One day recently, O'Brien says, a woman walked into the center's main location and asked, "What do you do here?" Told the center's purpose, "She turned around and walked out."
Some people, it seems, need a reminder that HIV touches all segments of society. One of his 29 volunteers, he says, is a woman whose mother died in her 80s from a tainted blood transfusion. And the center recently gave Easter baskets to client families and has a back-to-school program handing out backpacks.
"If one of the kids is positive, we're not going to skip his brother and sister," he says. "Obviously, we'll do the whole family."
He says the center accepts private donations and obtains grants to meet the community's needs, which are increasing.

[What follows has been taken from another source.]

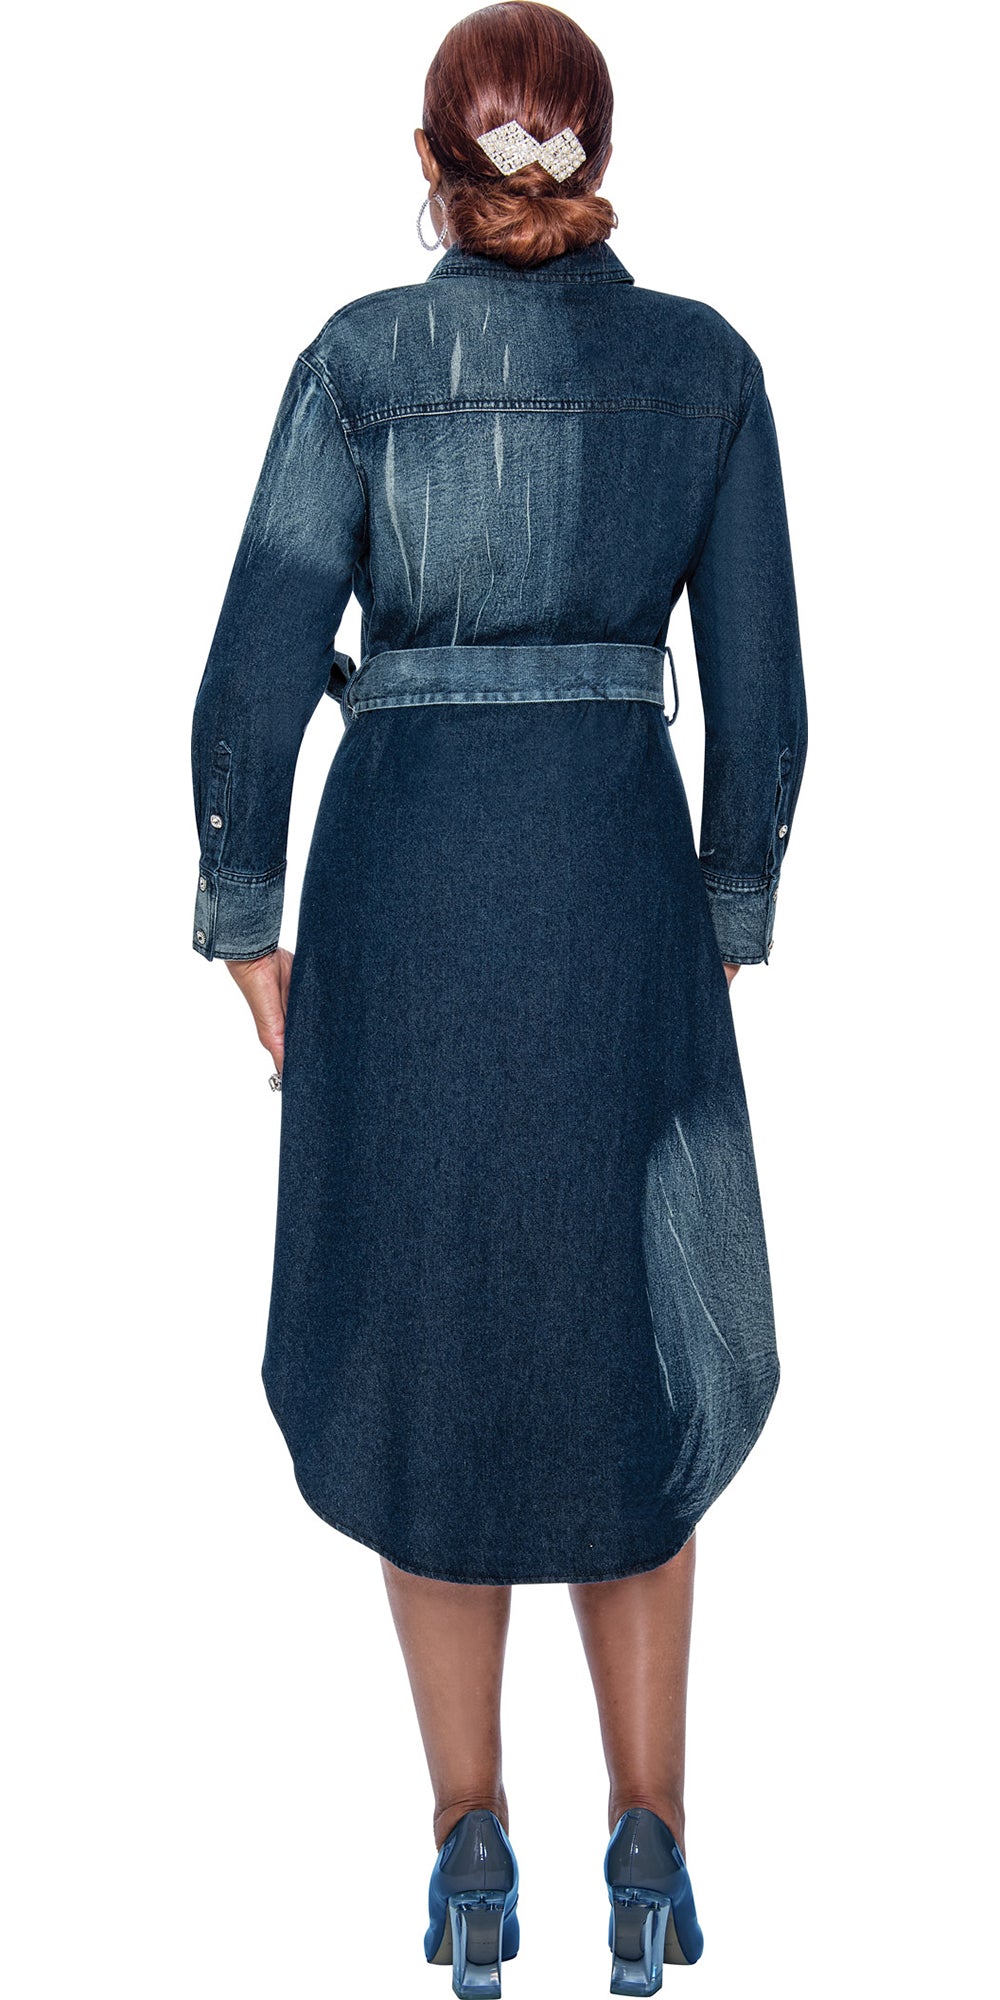 Dorinda Clark Cole - DCC4981 - Belted Denim Dress
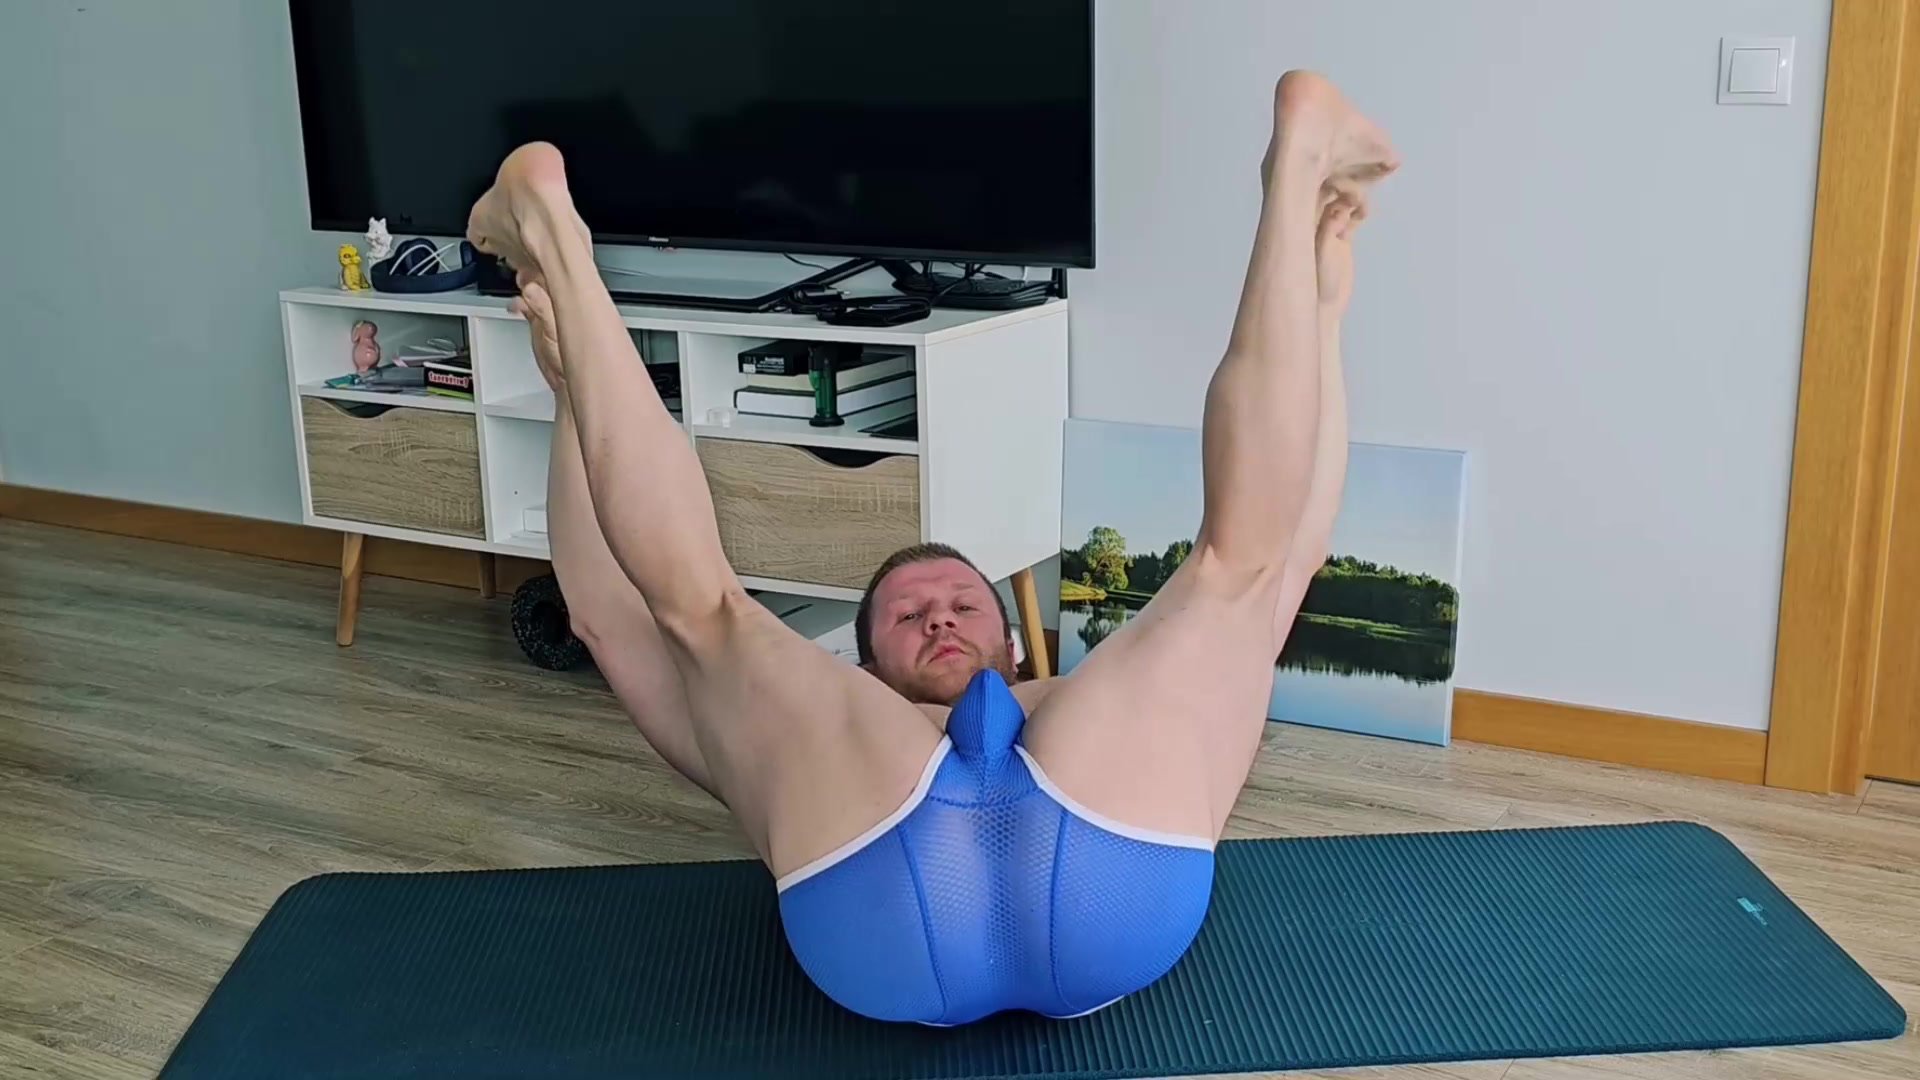 Man doing yoga shows his hole through sheer underwear

Because of advances in medical treatment, people who are HIV-positive "are living well and longer," he says. "But with the economy the way it is, we have some clients who had not joined us in 1998 but now are."
O'Brien accepts that there is no cure for the virus, but he has seen a lot of changes.
"In San Francisco in the late Eighties , because some good new medicines were coming out and people were living longer, the hospices were starting to close," he says. "People were angry because they were losing their jobs."
It's a sentiment that O'Brien doesn't hold, now or then.
"I'd be more than happy to go out of business."